YOUR INSTRUCTIONS: Copy out again, unchanged, the listing below from the line that has "Store item: 66864" through the line that has "The reissue ligne".
** STORED DATA follows **
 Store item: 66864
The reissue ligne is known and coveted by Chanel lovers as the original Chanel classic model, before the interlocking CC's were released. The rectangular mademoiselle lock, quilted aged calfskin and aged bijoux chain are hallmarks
** End of STORED DATA **
** STORED DATA follows **
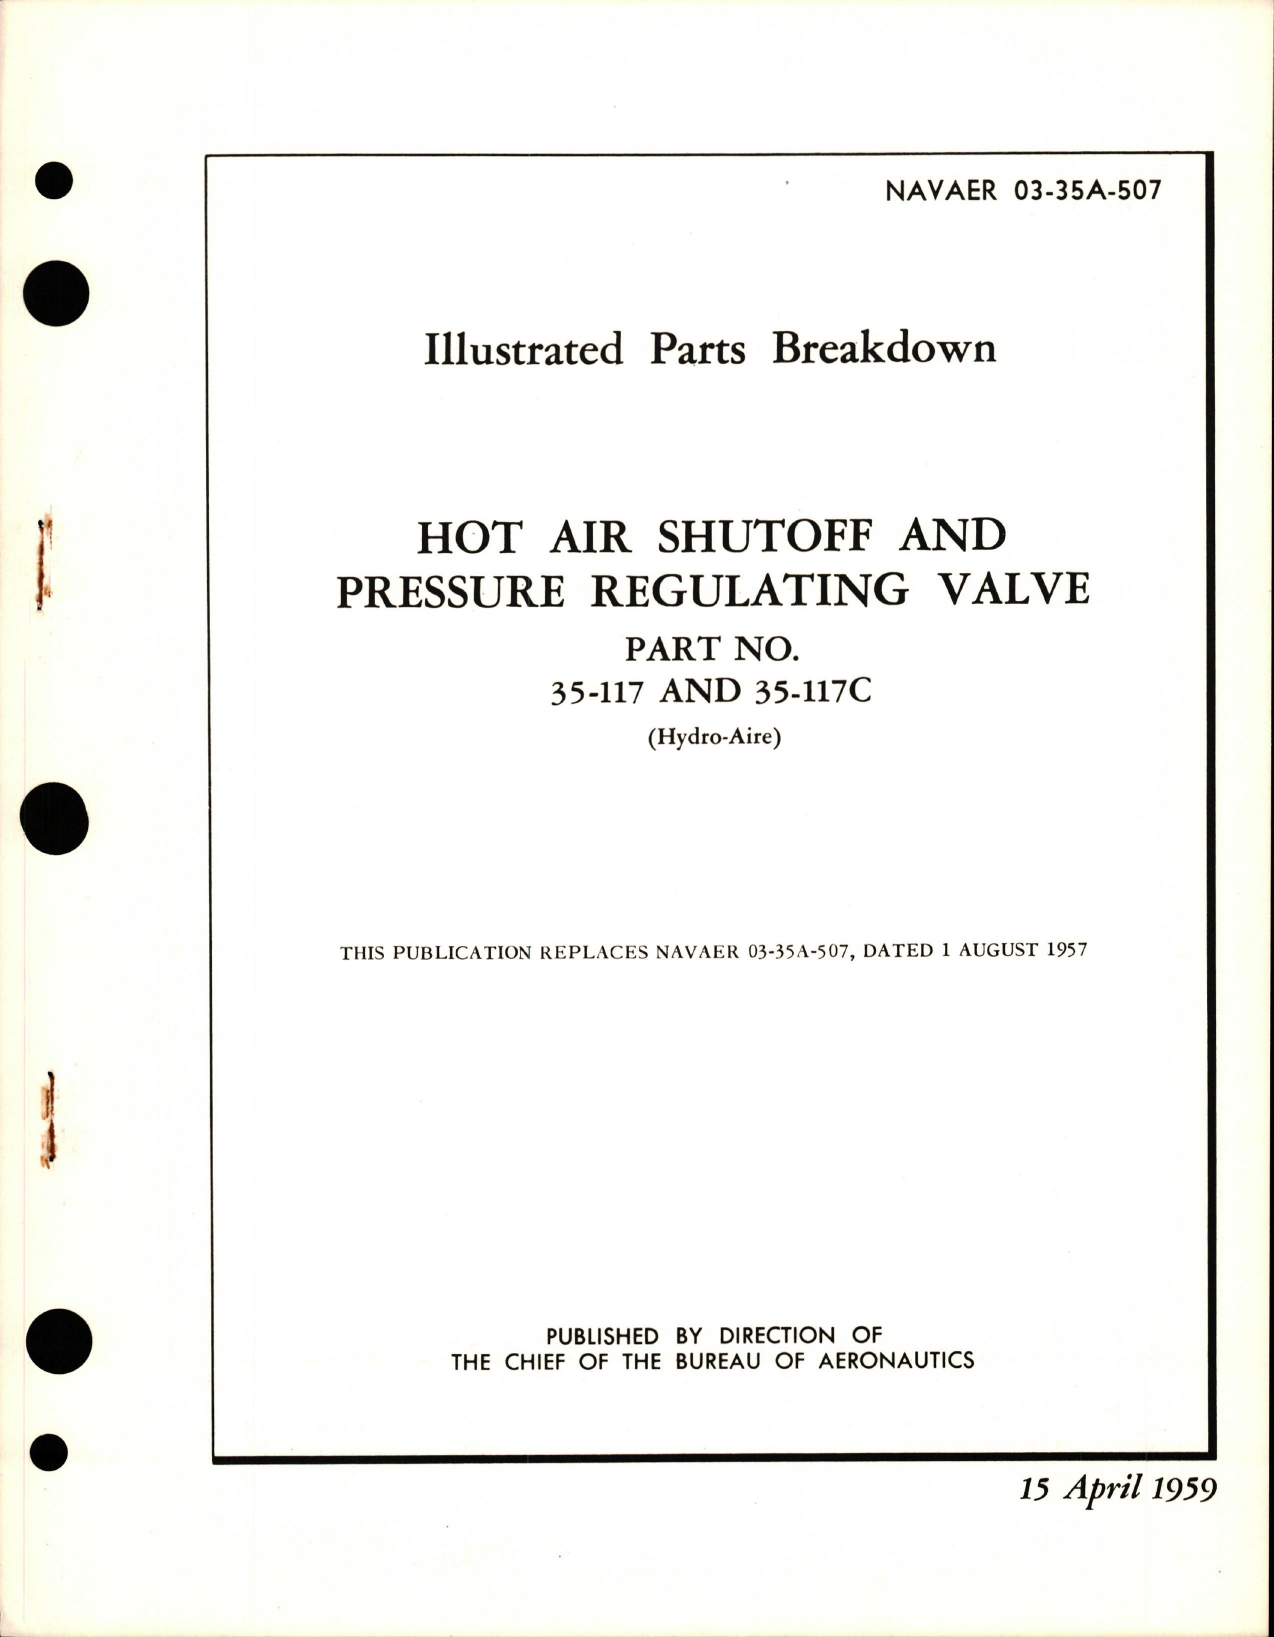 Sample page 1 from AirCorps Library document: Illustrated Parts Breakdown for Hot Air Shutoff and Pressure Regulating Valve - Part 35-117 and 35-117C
** End of STORED DATA **
EXERCISE RESPONSE:
 Store item: 66864
The reissue ligne is known and coveted by Chanel lovers as the original Chanel classic model, before the interlocking CC's were released. The rectangular mademoiselle lock, quilted aged calfskin and aged bijoux chain are hallmarks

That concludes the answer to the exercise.